For the purposes of official Corporation business, the principal office address of TORCA shall be the same as its Statutory Agent’s.
ARTICLE II—PURPOSE
Section 1.
Charitable. The charitable purposes for which the Corporation is formed are those set forth in its Articles of Incorporation, initially being to promote the sport of mountain biking, protecting our access to trails for riders of all levels and styles, and to maintaining mountain biking opportunities that are environmentally and socially responsible. TORCA views mountain biking as a sport that helps promote good health and fitness through low impact and sustainable outdoor activity.
Section 2.
Dividends Prohibited. The Corporation is not formed for pecuniary or financial gain, and no part of the assets, income, or profit of the Corporation is distributable to, or will inure to the benefit of, its Directors or Officers or other private individuals; provided, however, that nothing contained herein shall be construed to prevent the payment of reasonable compensation for services actually rendered by employees, independent contractors, Officers or Directors of the Corporation and reimbursement of expenses incurred in connection therewith.
Section 3.
TORCA is dedicated to promoting, protecting and enhancing mountain biking opportunities in the areas of Downhill (DH), Freeride (FR), and All-Mountain (AM) riding through:
a. Providing mountain biking opportunities, trail maintenance and social events for the mountain biking community;
b. Promoting responsible riding, ethical behavior, and diversity among the mountain biking community through example, education and encouragement of riders;
c. Working in concert with land managers and owners to protect, improve, and to build sustainable trails and facilities to accommodate growth in the area; and
d.Working with other user groups to ensure a quality trail experience for all users.
ARTICLE III—MEMBERSHIP
Section 1.
TORCA shall be comprised of no fewer than seven (7) members.
Section 2.
New members shall be admitted upon signing a registration form and waiver, and paying annual membership.
Section 3.
All memberships shall begin on the date of payment and continue for one (1) calendar year. Active members shall be those who have paid membership dues until they become delinquent in payment of dues or have their membership revoked under the terms of Article III, Section 4 of the Bylaws. Membership privileges of those shall be terminated removal of membership under the terms of Article III, Section 4 of the Bylaws.
Section 4.
Removal of membership:
a. Members automatically will be removed as of the last day of the membership enrollment month if they do not renew their annual membership dues.
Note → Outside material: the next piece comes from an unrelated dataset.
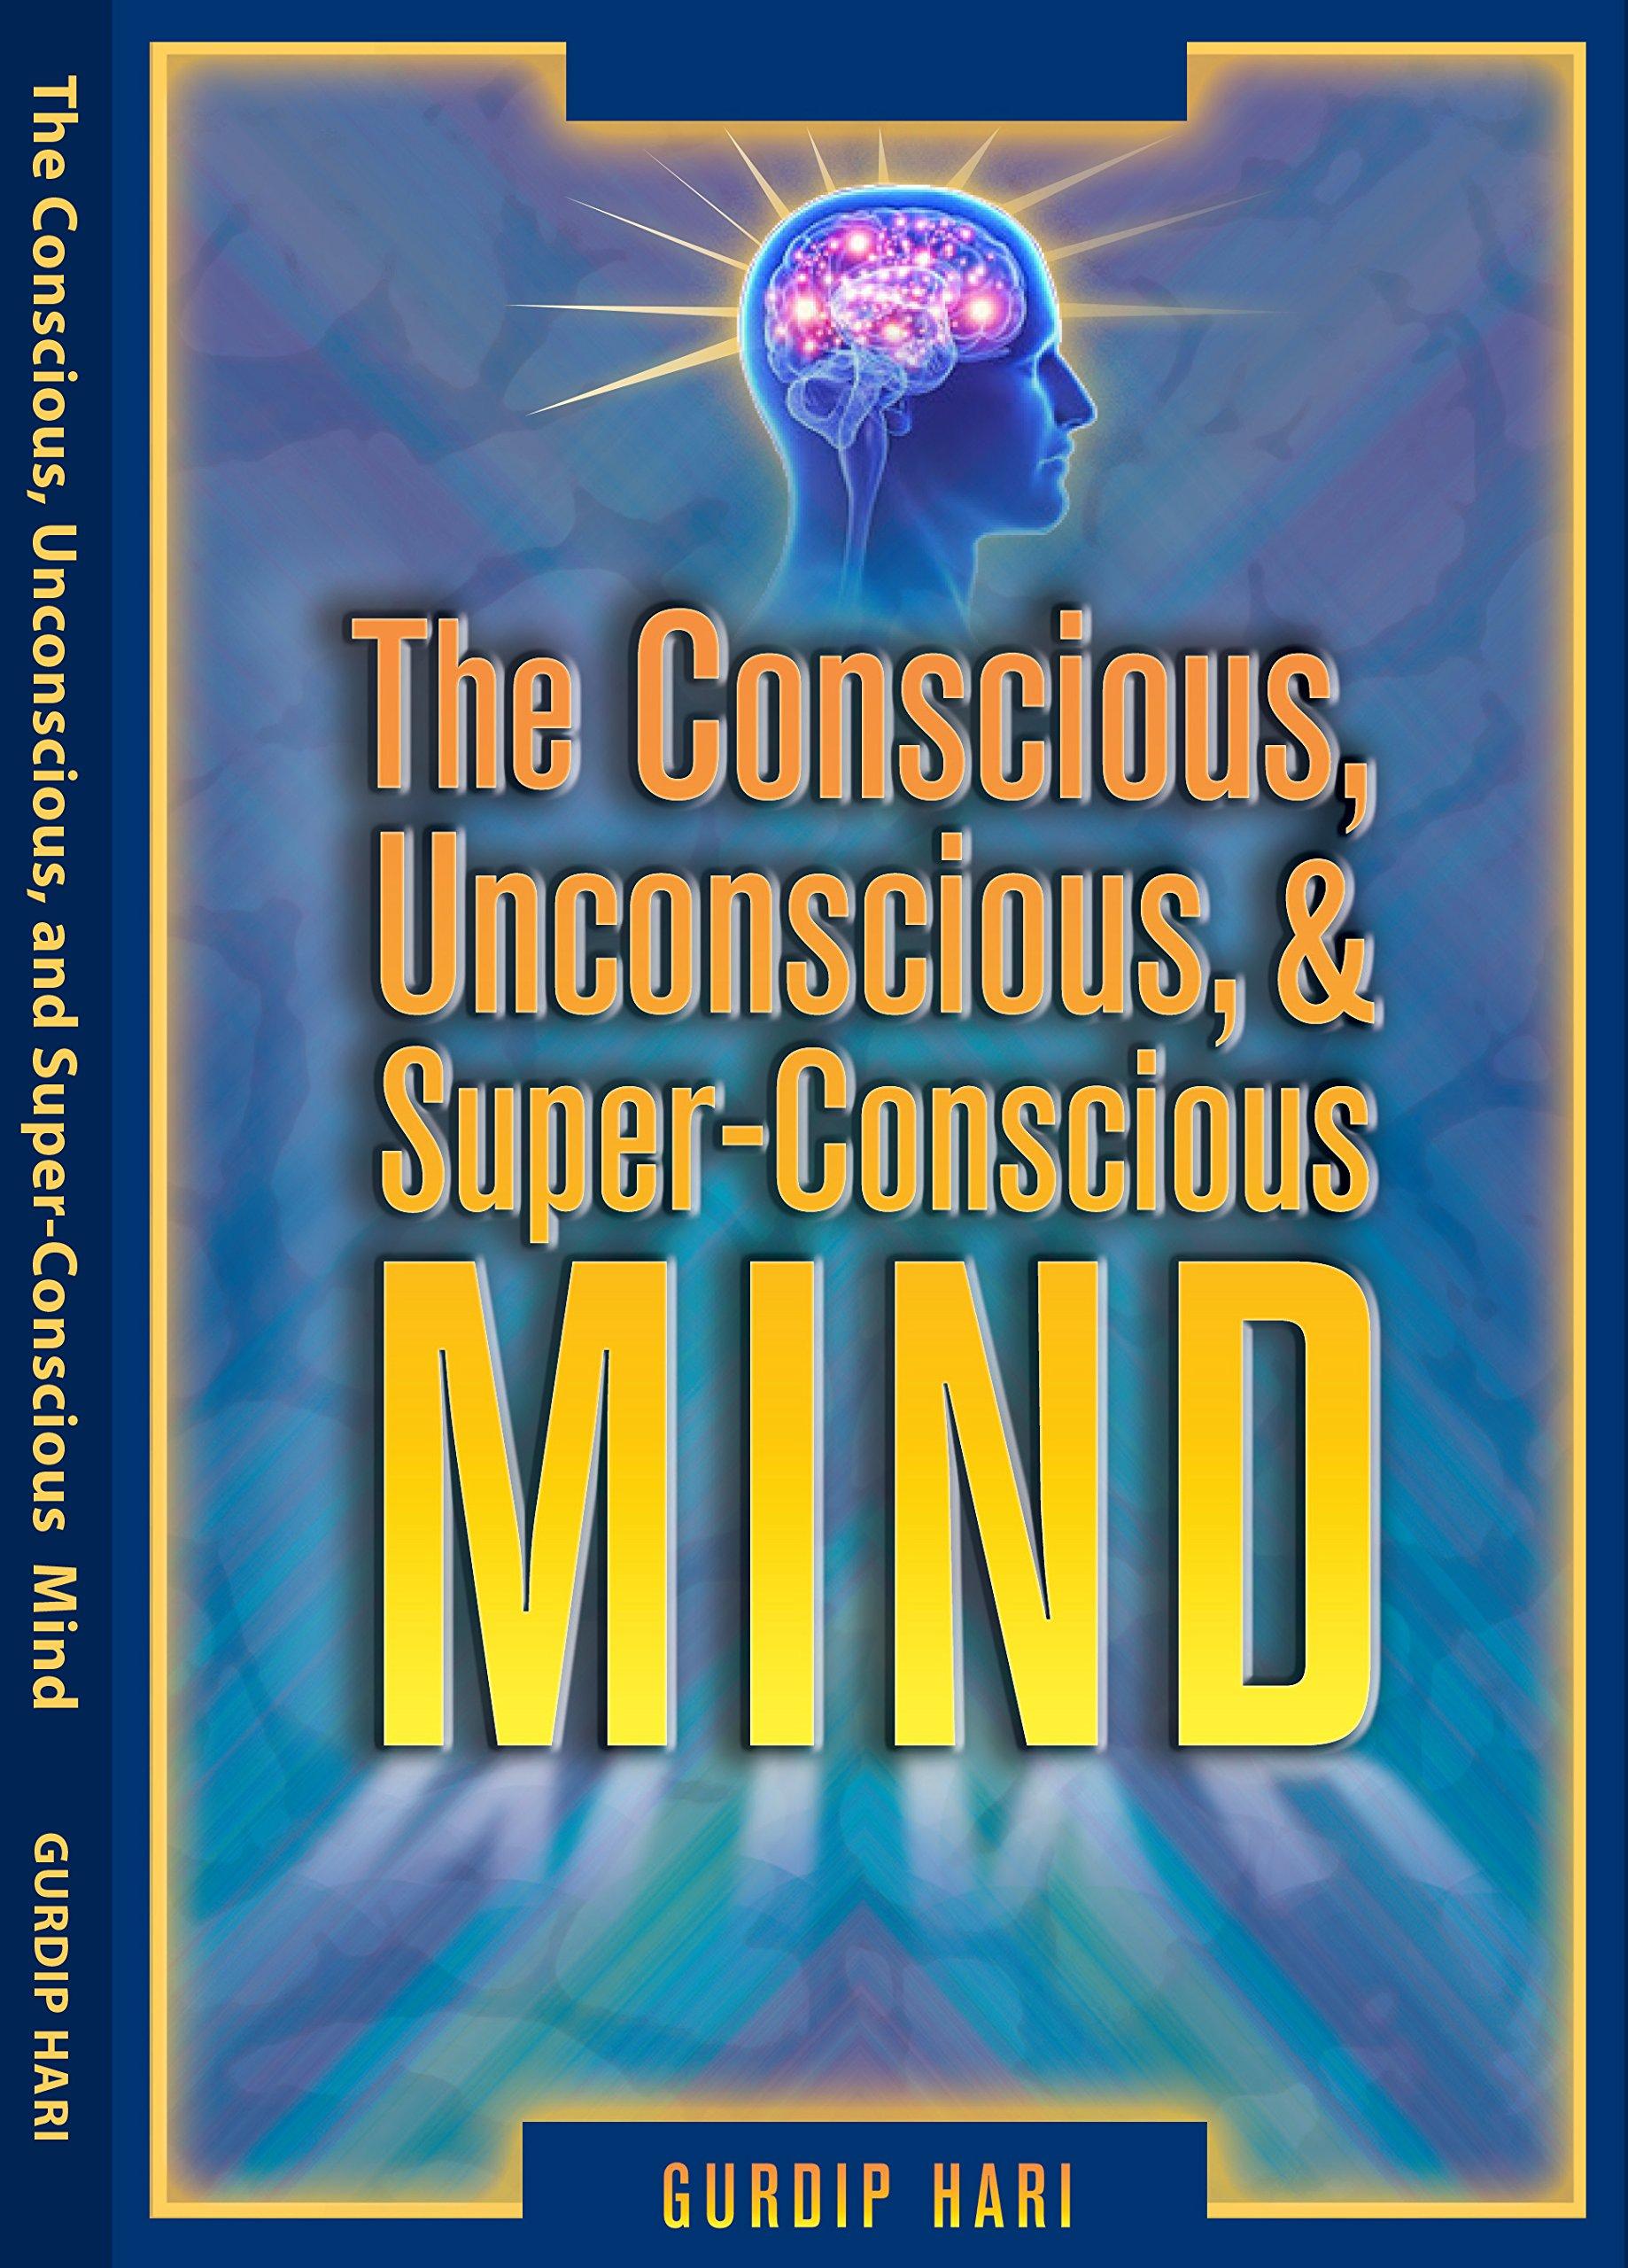 The Conscious Unconscious & Super-Conscious Mind: Gurdip

b. Members wishing to resign may do so through written communication to a current member of the Board of Directors (the Board) of TORCA. Written communication includes but is not limited to email and/or letter. Unless the Board determines special circumstances warrant, membership dues are not refundable.
c .Members whose actions and/or public utterances conflict with the Purpose (Article II) of TORCA, with the Code of Ethics (as promulgated at [website address]), or with other official policies adopted by the Board may be removed from membership by a majority vote of a quorum of Directors at a meeting of the Board. The reason(s) for the proposed removal shall be recorded in the minutes of the Board and made available to the membership at-large.
ARTICLE IV—OFFICERS.
Section 1.
The officers of TORCA shall consist of a president, vice president, a secretary, and treasurer.
Section 2.
Officers of TORCA must be members in good standing and also members of the Board of Directors.
Section 3.
Officers shall be chosen by an election open to the TORCA membership. The terms of office shall be one year, beginning January 1stand ending December 31stof the following year.
Section 4.
The President shall preside over Board meetings, serve as an ex-officio member of all committees, and shall be the executive officer of TORCA. The Presidentshall represent TORCA through the directives of the membership and the Boardbefore the public either personally or through delegates, and shall perform all other functions usually attributed to this office.
Section 5.
The Vice President shall, in the absence of the President, preside at all TORCA meetings, and perform other such duties as usually pertain to such office. In the event of the resignation, recall, or declared vacancy of the Presidency, as confirmed by the Board of Directors, the Vice President shall succeed to the Presidency and shall perform the duties of that office.
Section 6.
The Secretary shall send meeting announcements, shall keep accurate minutes of all Board meetings and make them available to members, shall maintain official files, and shall assist the President with TORCA correspondence.
Section 7.
The Treasurer shall collect, hole, invest, and disburse TORCA funds as directed by the Board of Directors through the adopted budget, shall have current balances available for inspection, provide an initial draft of TORCA’s annual budget for the Board, and ensure that TORCA maintains compliance with Arizona and Federal statutes regarding the raising and spending of funds and the reporting of income and expenditures.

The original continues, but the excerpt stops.